27 semanas · 54 textos · Escritos durante a construção

Notas de campo de um SO de IA pessoal em voo

Toda terça-feira, um ensaio perene sobre o que aprendi enquanto envio o DuranteOS. Toda sexta, um boletim da semana. Cerca de 108 mil palavras e contando — para construtores que preferem ver a fundação ser lançada a ler o press release.

Comece por aqui

Se você está pensando em escrever enquanto constrói

After Twenty-Seven Weeks: What the Series Was For, and What I'm Building Next

Se você está considerando o grupo fundador

The One Reference Customer Strategy: GTM for a Personal AI OS, Sketched Before the Customer Signs

Se você quer a espinha arquitetônica

The Decomposition Discipline I Am Trying to Codify Inside DOS

Assinar · Ensaio de terça

Cerca de 3.800 construtores leem isso toda semana.

Dec 9, 2025

Credit-Metered API Gateways: The Pattern I Want Before I Have Anything to Meter

I do not have a Studio yet. I do not have a credit ledger yet. I do not have twelve providers behind a Bearer token yet. What I have is a clear picture of the gateway I want to build in the next 4-8 weeks, and the conviction that committing to the architecture now — before there is anything to retrofit — is cheaper than committing to it later. Here is the design, with Fowler on the routing layer and Greg Young on the ledger.

I am writing this post about a system I have not yet built.

What I have, on December 8, 2025, twelve weeks into DOS: a private experiment running on my own machine, calling Anthropic's API directly. No gateway. No credit ledger. No multi-provider routing. One operator, one substrate, one billing relationship. It is the simplest possible shape, and it works because the operator and the customer are the same person.

What I can already see coming, in the next 4-8 weeks: I will need to call more than one provider. The substrate is plural — Opus 4.5, Gemini 3 Pro, GPT-5.x, the open-weights tier — and routing-by-task is becoming an architectural requirement, not a future feature.

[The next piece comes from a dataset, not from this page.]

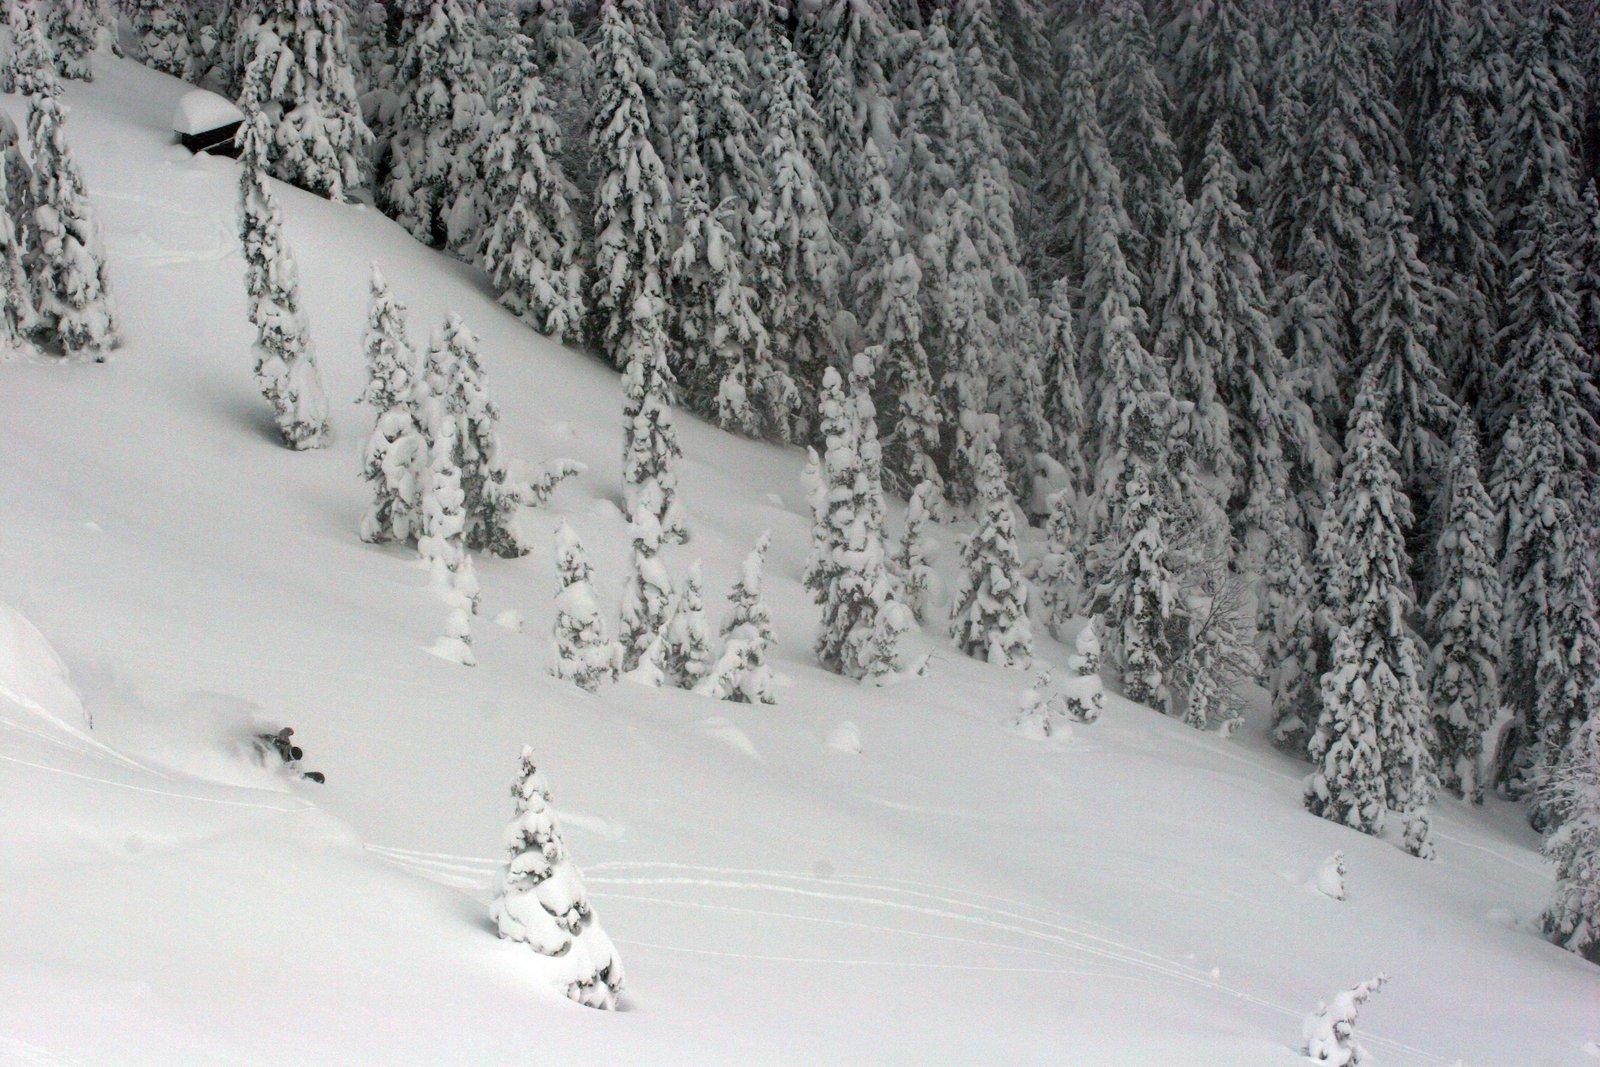 Snowboard turn far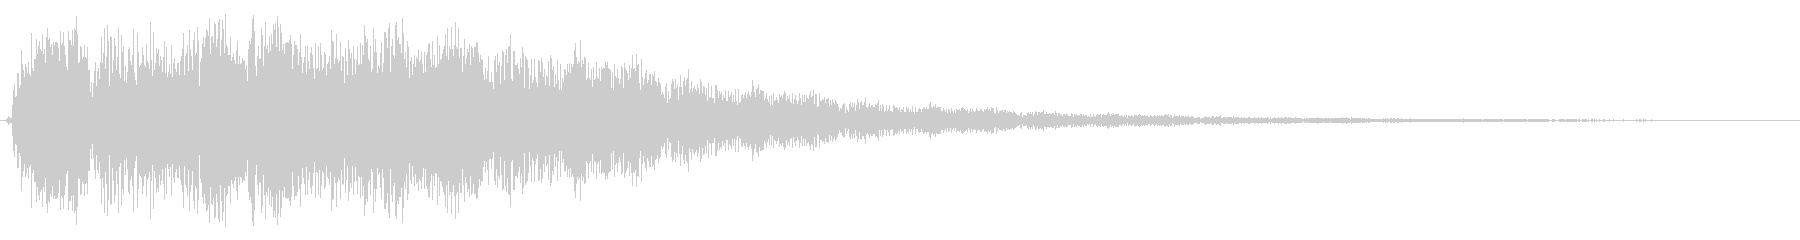 ブゥワァーンというタイトル音の未再生の波形

The moment I have a second provider, I have a per-provider auth surface, a per-provider rate limit, a per-provider pricing schema, and a per-provider failure mode. The moment I have an operator who is not me, I need spend caps, an audit trail, and a billing reconciliation story.

This post is the gateway I want to build before any of that lands. It is the second piece of the substrate-portability bet I made publicly last week. Writing the design before writing the code is what gives me a chance of getting the seams right on first draft.

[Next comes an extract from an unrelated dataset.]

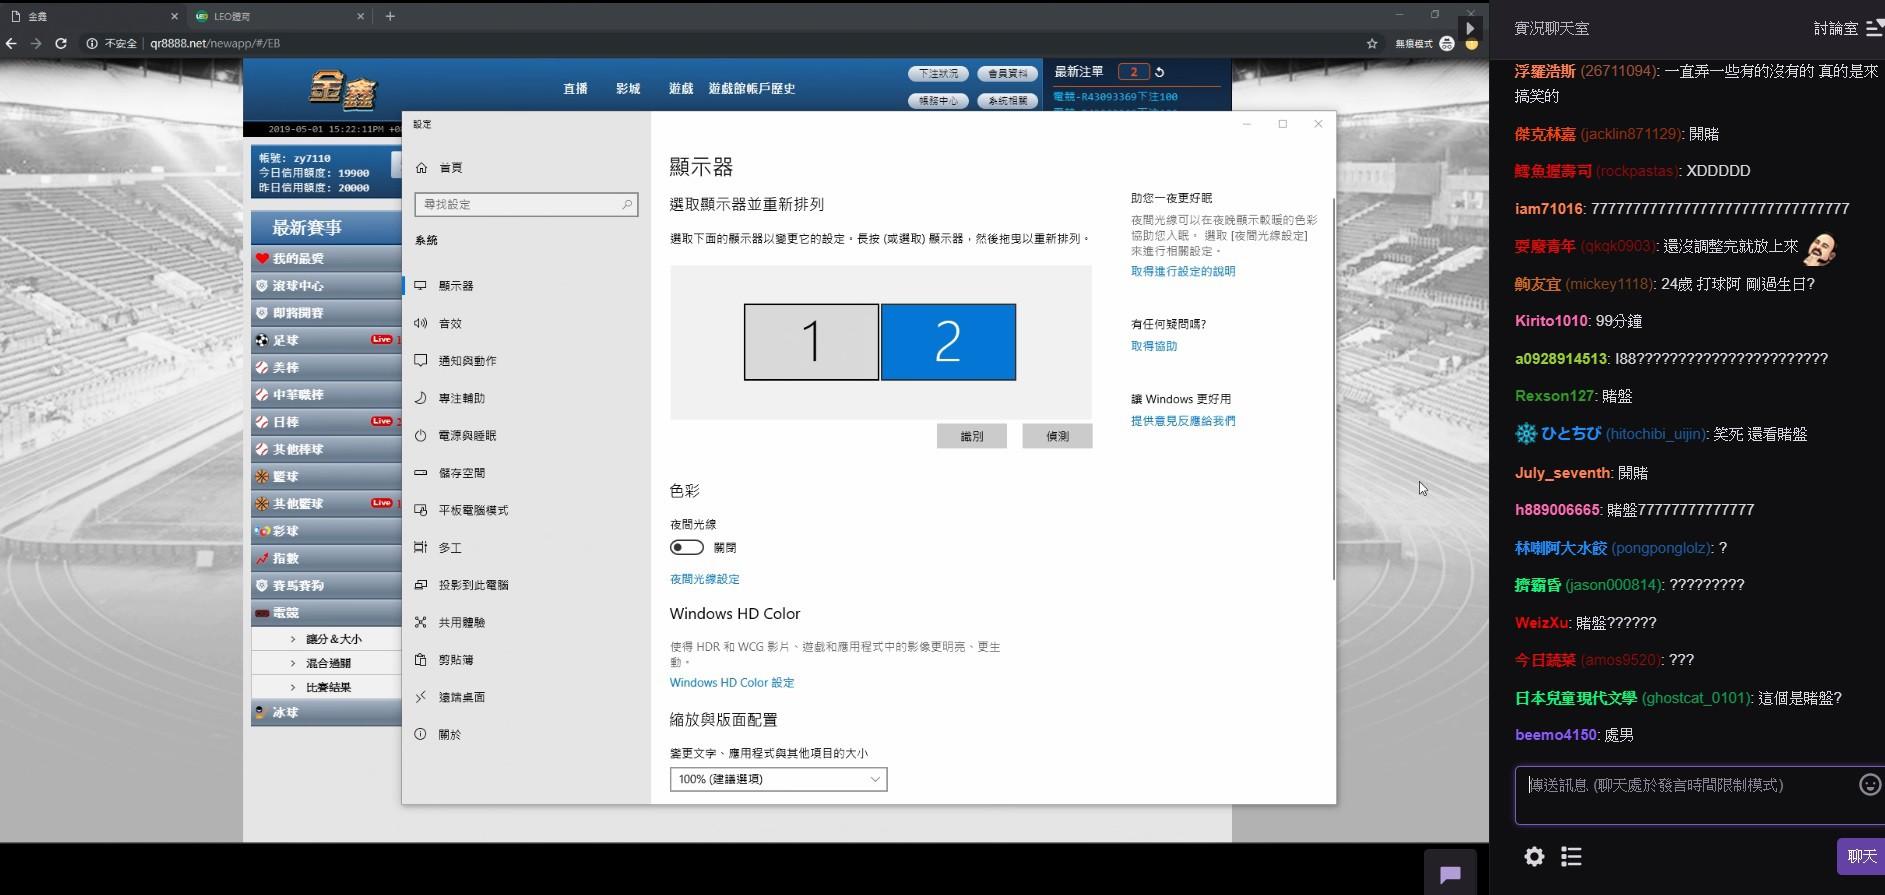 Giữa thời điểm nhạy cảm với bán độ, Garena Đài Loan lại mắc sai lầm ngớ ngẩn này - Ảnh 1.

The gateway in one sentence

One HTTP service that routes calls to N AI providers behind a single Bearer token, debiting an organization's credit pool atomically per request, with spend caps enforced before the call goes out and refunds applied if the call fails after debit.

The Fowler angle: this should be the API Gateway pattern, plus an Anti-Corruption Layer

Martin Fowler's Patterns of Enterprise Application Architecture (and later the microservices.io catalog) names two patterns that should do most of the work here.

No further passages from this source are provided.